2. In relazione al livello di intensita' assistenziale,
l'assistenza residenziale si articola nelle seguenti tipologie di
trattamento:
a) trattamenti terapeutico-riabilitativi ad alta intensita'
riabilitativa ed elevata tutela sanitaria (carattere intensivo),
rivolti a pazienti con gravi compromissioni del funzionamento
personale e sociale, anche nella fase della post-acuzie. I
trattamenti, della durata massima di 18 mesi, prorogabili per
ulteriori 6 mesi in accordo con il centro di salute mentale di
riferimento, sono erogati nell'ambito di strutture che garantiscono
la presenza di personale sanitario e socio-sanitario sulle 24 ore;
b) trattamenti terapeutico-riabilitativi a carattere estensivo,
rivolti a pazienti stabilizzati con compromissioni del funzionamento
personale e sociale di gravita' moderata, che richiedono interventi a
media intensita' riabilitativa. I trattamenti, della durata massima
di 36 mesi, prorogabili per ulteriori 12 mesi in accordo con il
centro di salute mentale di riferimento, sono erogati nell'ambito di
strutture che garantiscono la presenza di personale socio-sanitario
sulle 24 ore;
c) trattamenti socio-riabilitativi, rivolti a pazienti non
assistibili nel proprio contesto familiare e con quadri variabili di
autosufficienza e di compromissione del funzionamento personale e
sociale, che richiedono interventi a bassa intensita' riabilitativa.

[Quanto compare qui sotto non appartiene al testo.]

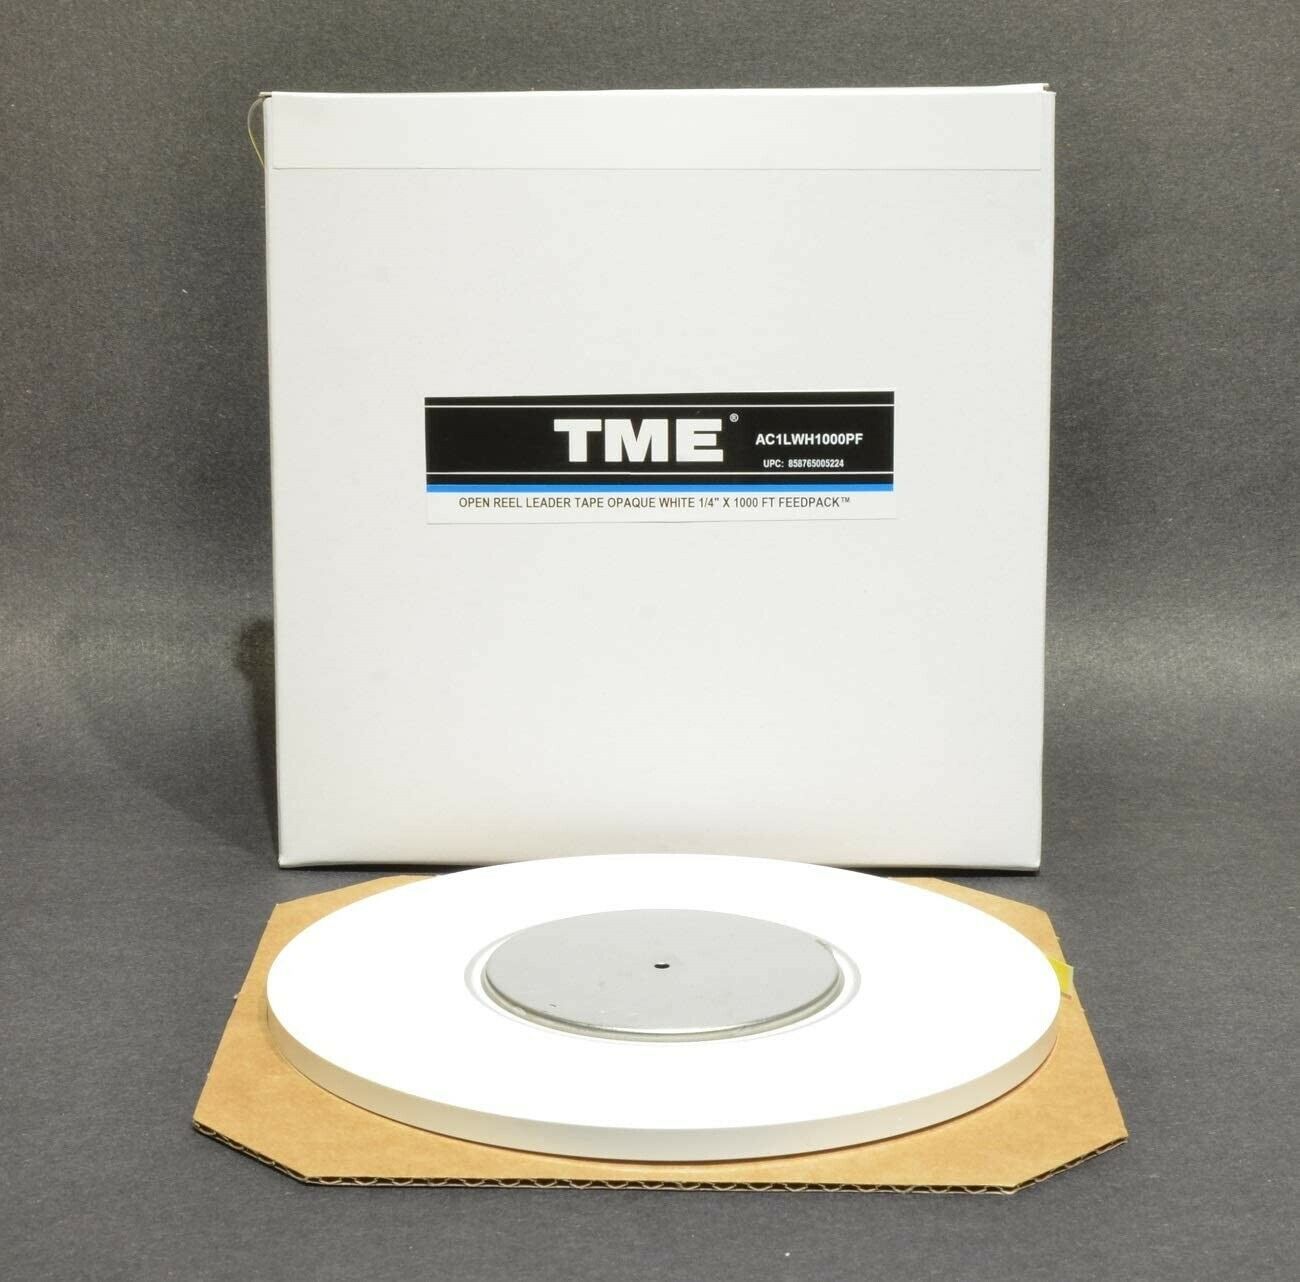 Open Reel Audio Leader Tape Solid White 1/4 X 1000 Ft or 500 Ft Feedpack  Pancake by TME

La durata dei programmi e' definita nel Progetto terapeutico
riabilitativo individuale. In considerazione del diverso impegno
assistenziale necessario in relazione alle condizioni degli ospiti,
le strutture residenziali socio-riabilitative possono articolarsi in
piu' moduli, differenziati in base alla presenza di personale
sociosanitario nell'arco della giornata.
3. Nell'ambito dell'assistenza semiresidenziale il Servizio
sanitario nazionale garantisce trattamenti terapeutico-riabilitativi
erogati da equipe multiprofessionali in strutture attive almeno 6 ore
al giorno, per almeno cinque giorni la settimana.
4. I trattamenti residenziali terapeutico-riabilitativi intensivi
ed estensivi di cui al comma 2, lettere a) e b) sono a totale carico
del Servizio sanitario nazionale. I trattamenti residenziali
socio-riabilitativi di cui al comma 2, lettera c) sono a carico del
Servizio sanitario nazionale per una quota pari al 40 per cento della
tariffa giornaliera. I trattamenti semiresidenziali
terapeutico-riabilitativi di cui al comma 3 sono a totale carico del
Servizio sanitario nazionale.
5. Ai soggetti cui sono applicate le misure di sicurezza del
ricovero in ospedale psichiatrico giudiziario e dell'assegnazione a
casa di cura e custodia sono garantiti trattamenti residenziali
terapeutico-riabilitativi a carattere intensivo ed estensivo nelle
strutture residenziali di cui alla legge n. 9 del 2012 ed al decreto
ministeriale 1 ottobre 2012 (residenze per l'esecuzione delle misure
di sicurezza). I trattamenti sono a totale carico del Servizio
sanitario nazionale.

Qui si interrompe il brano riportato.